Menanggapi itu, Yusuf Mansur mengatakan akan mengikuti aturan Bank Indonesia ihwal isi ulang uang elektronik melalui PayTren. Dia mengatakan aturan itu dibuat untuk kebaikan.
Menurut Yusuf, PayTren telah mendatangi Bank Indonesia sejak Maret 2014 untuk melaporkan pengajuan uang elektronik."Kami sudah menunggu izin itu dibuka. Kami sangat kooperatif karena kami membutuhkan izin untuk uang elektronik itu," ujarnya saat dihubungi Tempo, Sabtu, 7 Oktober 2017.
Dia melanjutkan, Bank Indonesia saat itu membatasi deposito Rp 10 juta, PayTren justru membatasi hanya Rp 5 juta. "Itu menunjukkan bahwa kami benar-benar berniat mengikuti aturan," katanya.
Menurut dia, ketika mengajukan izin pada Juli 2017, PayTren langsung lebih total mengikuti aturan. Termasuk aturan mitra baru yang tidak memperbolehkan deposit di awal.
Gubernur Bank Indonesia Agus Martowardojo mengatakan BI perlu mengevaluasi institusi yang menghimpun dana masyarakat melalui uang elektronik. Layanan tersebut harus dipastikan sesuai dengan aturan untuk melindungi konsumen.
Izin mengenai layanan uang elektronik diatur dalam Surat Edaran Bank Indonesia Nomor 16/11/DKSP tanggal 22 Juli 2014 tentang Penyelenggaraan Uang Elektronik. Dalam aturan tersebut dinyatakan bahwa lembaga selain bank yang mengelola dana float Rp 1 miliar atau lebih, harus memohon izin sebagai penerbit uang elektronik. Dana float adalah dana mengendap yang masuk kategori kewajiban segera bank.
PayTren, Tokopedia, Shopee, dan Bukalapak tercatat sudah mengelola dana float di atas Rp 1 miliar, tapi belum memiliki izin dari BI. Bank sentral pun memutuskan menghentikan layanan sementara hingga mengantongi izin.

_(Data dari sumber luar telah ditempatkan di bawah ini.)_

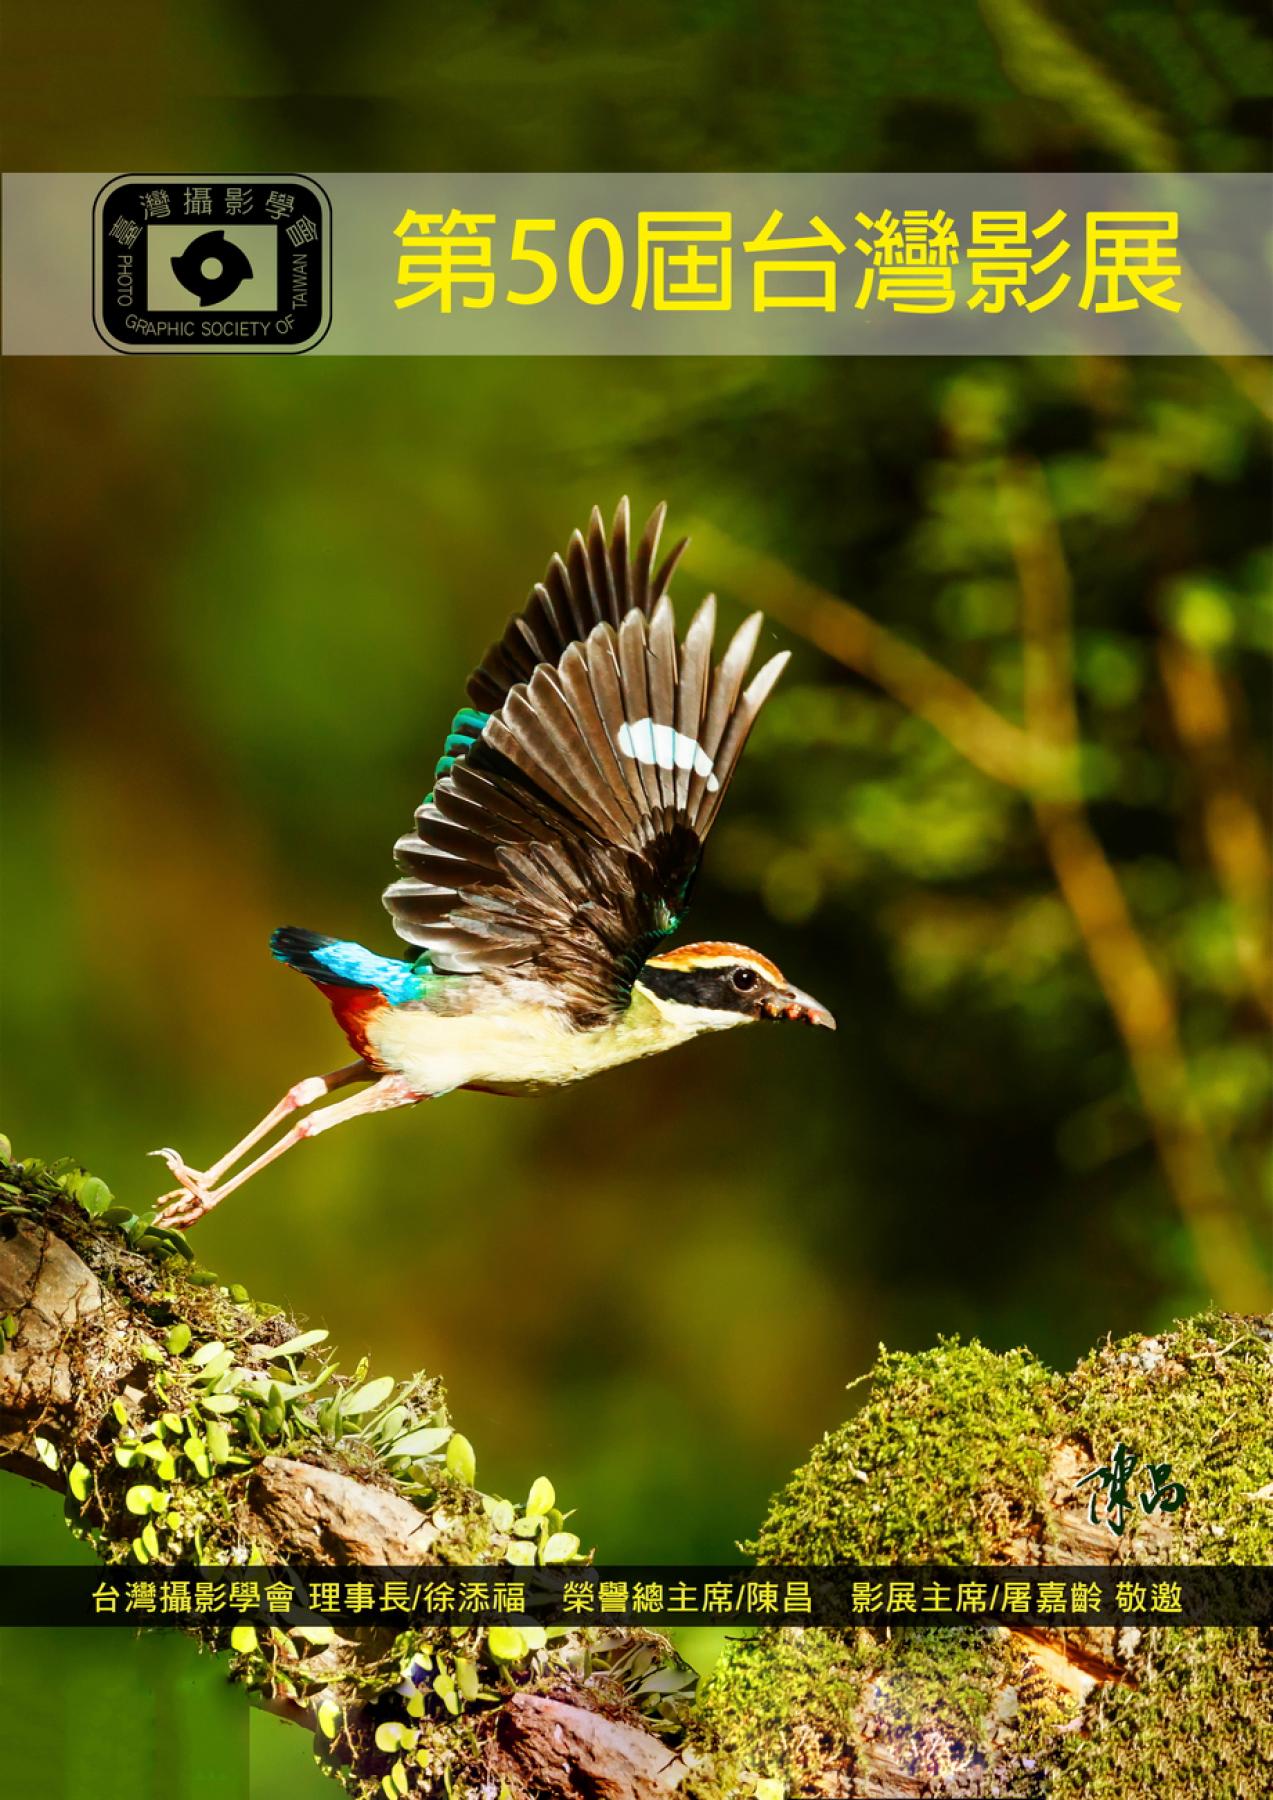 第50屆台灣影展-簡章 A

Agus mengatakan proses pemberian izin akan berlangsung paling lama 90 hari. Waktu itu mulai dihitung setelah semua persyaratan dipenuhi e-commerce. Selama izin diproses, setiap lembaga masih bisa menjalankan transaksi, tapi tidak melalui uang elektronik. "Bisa tunai, debit, atau yang lain," ujarnya.
ROSSENO AJI NUGROHO
Ralat:
Berita ini telah mengalami perubahan pada hari Senin, 9 Oktober 2017 pada pukul 10.56. Sebelumnya pada paragraf keempat disebut PT Veritra Sentosa Internasional dan kemudian diralat menjadi PT Veritra Internasional. Berikutnya inisial perusahaan di berita semula yakni PT VSI diubah menjadi PT Veritra Internasional.